__The problem__: Exact copy, no pictures: return all the data below as written.

__Source material__:
════════════════════

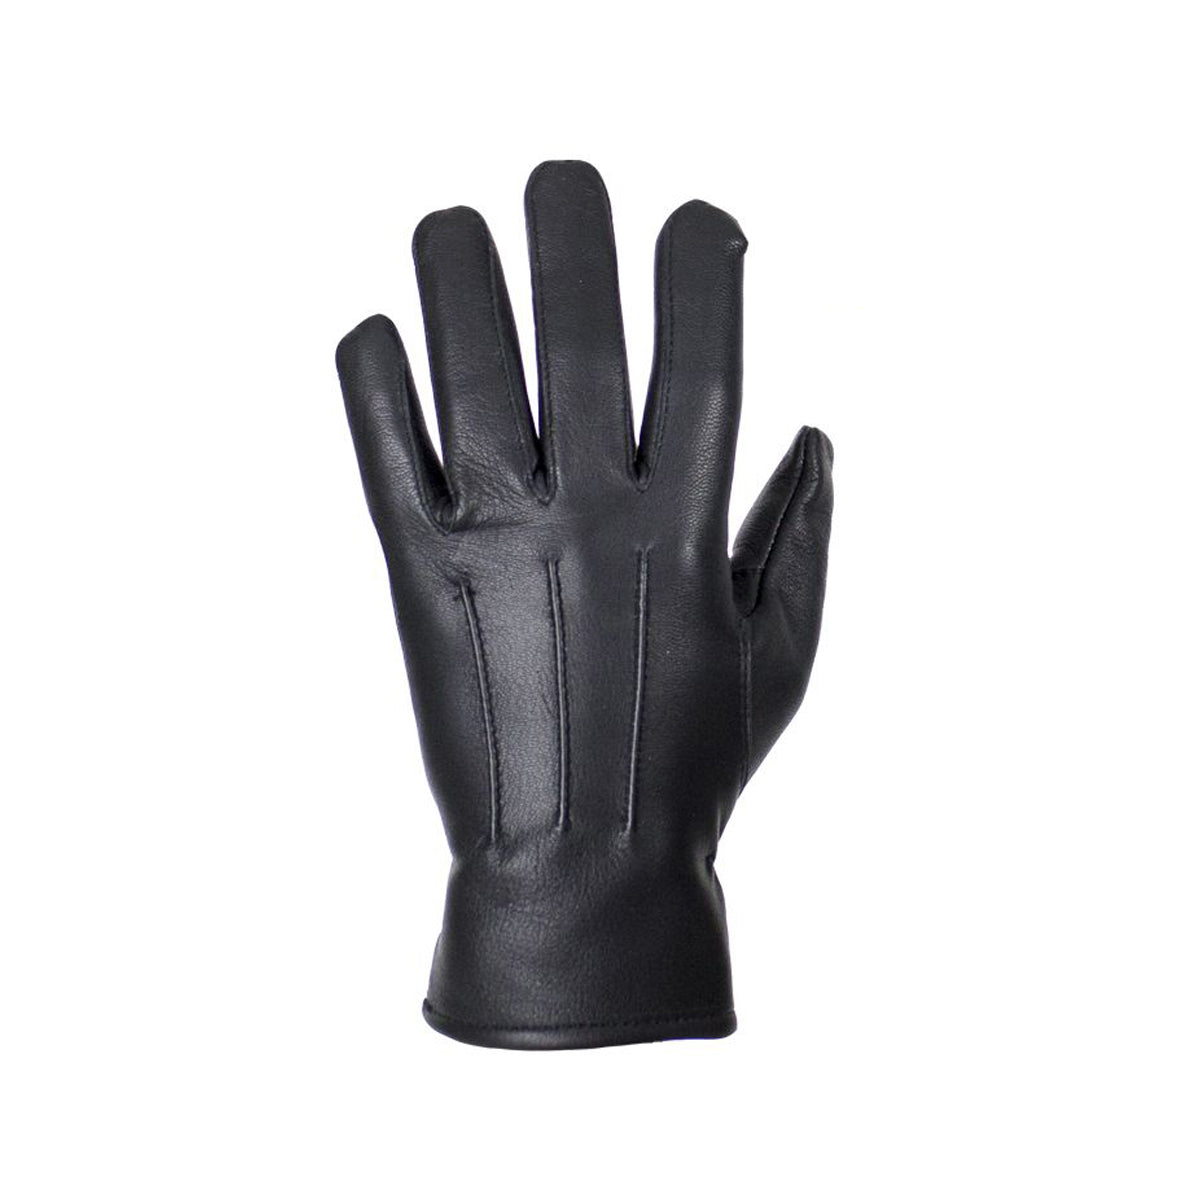 Ladies Deer Skin Leather Gloves - Black
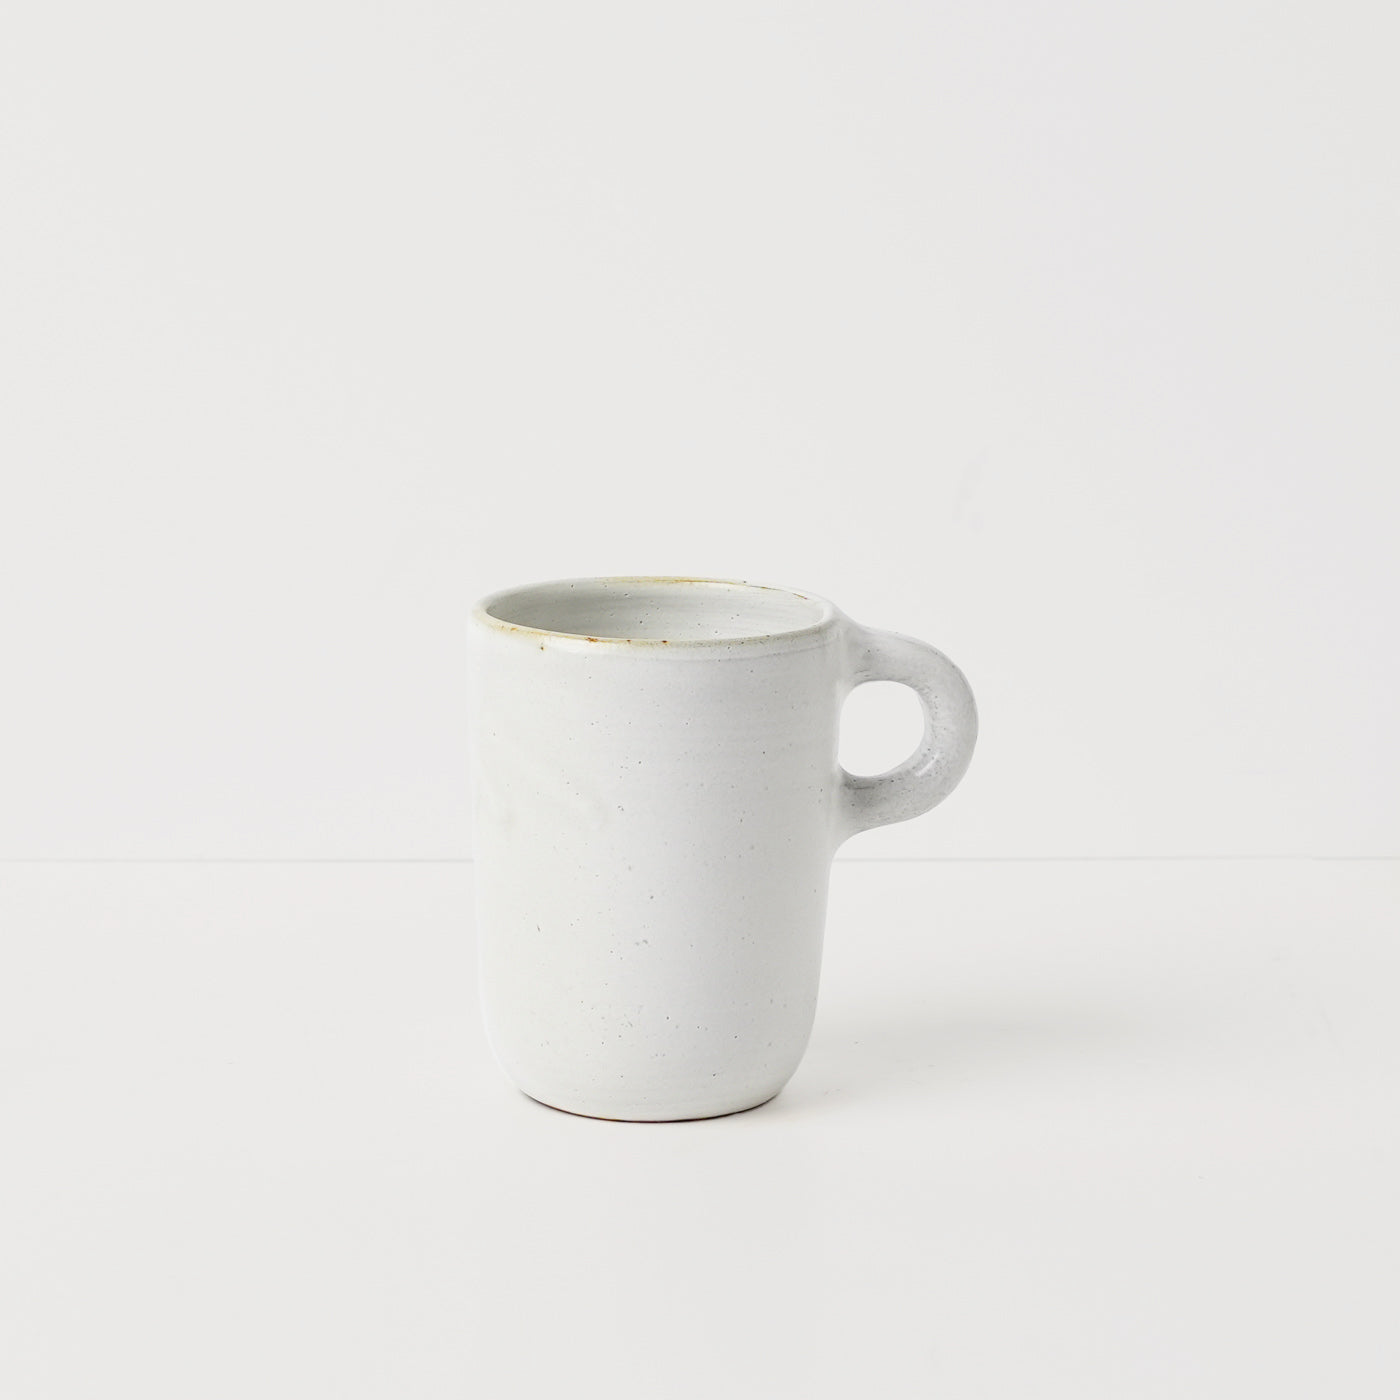 Ivory white ceramic mug by Gaëlle Le Doledec
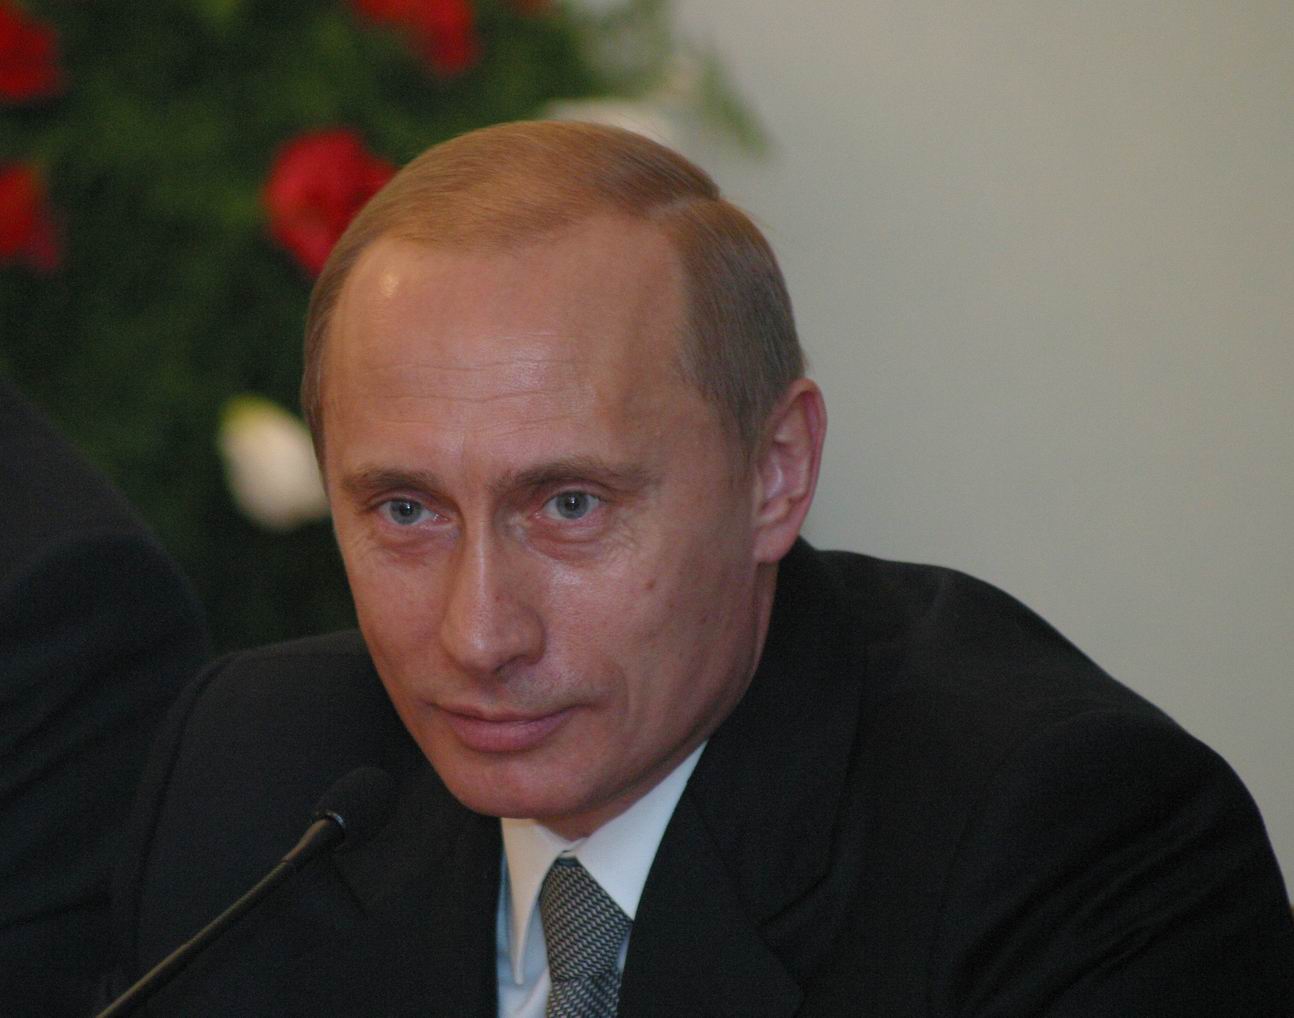 壁紙 ウラジーミル プーチン 男性 凝視 顔 大統領 有名人 少女 ダウンロード 写真

════════════════════

__The answer__:
 Ladies Deer Skin Leather Gloves - Black
 Ivory white ceramic mug by Gaëlle Le Doledec
 壁紙 ウラジーミル プーチン 男性 凝視 顔 大統領 有名人 少女 ダウンロード 写真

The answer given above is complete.